The device basically works on a “sort-reduce” algorithm which uses flash as the primary storage source: waste. The algorithm takes all direct access requests and sorts them in sequentially by identifiers, which demonstrate the goal of the request- for example, grouping together all updates for node A, all for node B, and so on. Flash would then be able to access kilobyte-sized chunks of thousands of requests, making it undeniably productive.

In order to save processing power and bandwidth, the algorithm characterizes the data into different small groups. Whenever the algorithm notes matching identifiers, it sums those into a single data packet — such as A1 and A2 becoming A3. It continues doing so, creating increasingly smaller packets of data with matching identifiers, until it produces the smallest possible packet to sort. This drastically reduces the number of duplicate requests to access.

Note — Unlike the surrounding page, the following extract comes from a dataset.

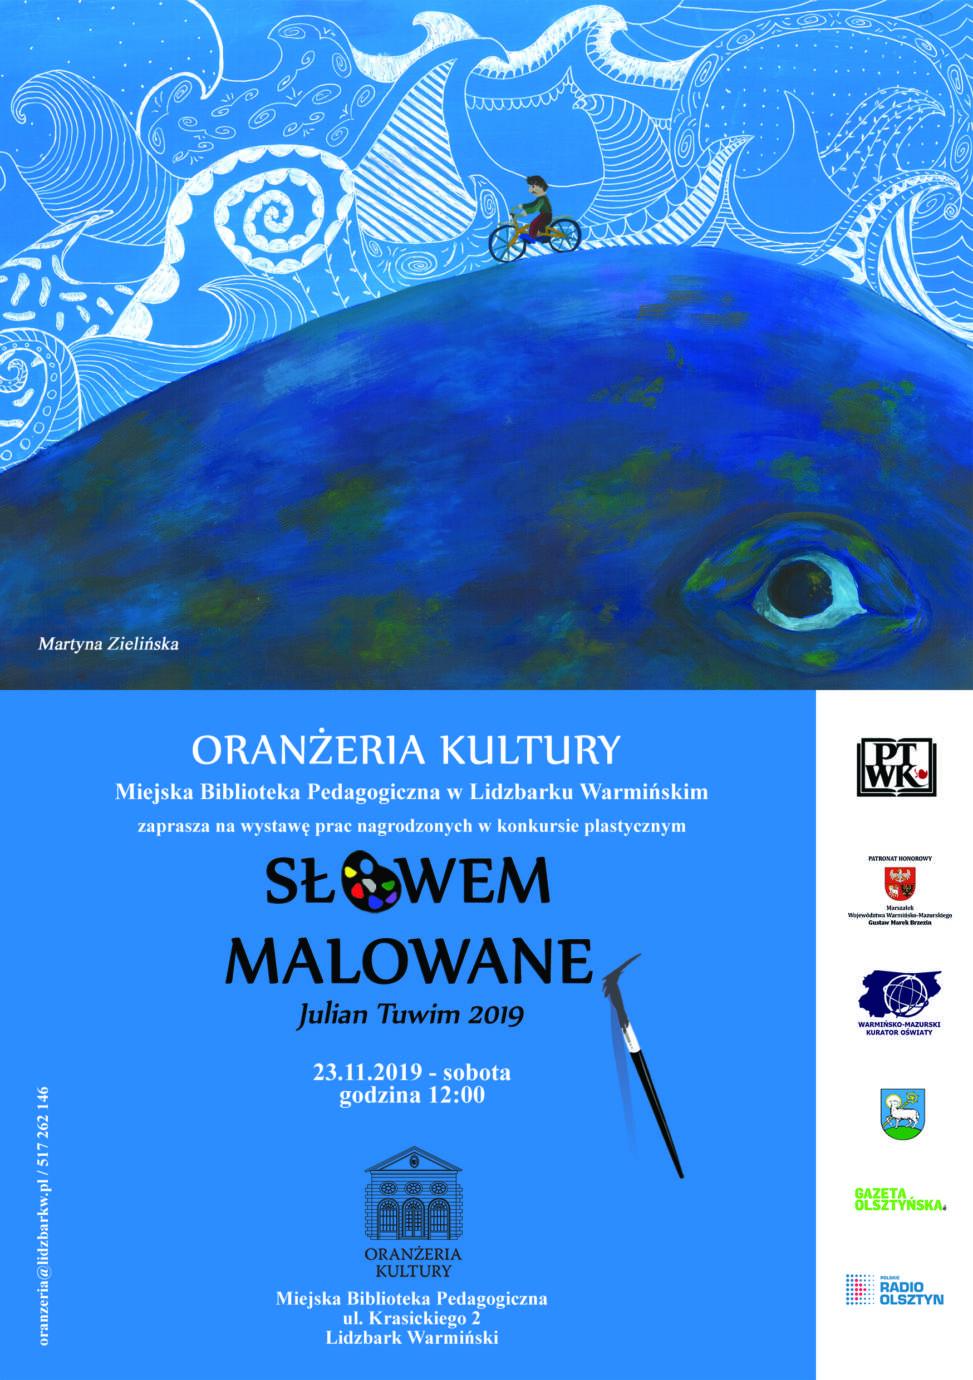 plakat zaproszenie slowem malowane Uczennice

The device is also composed of an accelerator that acts as a midway point between the host and flash chips, executing all computation for the algorithm.

Arvind said, “Accelerators are supposed to help the host computer, but we’ve come so far [with the computations] that the host becomes unimportant.”

Keshav Pingali, a professor of computer science at the University of Texas at Austin said, “The MIT work shows a new way to perform analytics on very large graphs: Their work exploits flash memory to store the graphs and exploits ‘field-programmable gate arrays’ [custom integrated circuits] in an ingenious way to perform both the analytics and the data processing required to use flash memory effectively.”

The paper is being presented at the International Symposium on Computer Architecture (ISCA).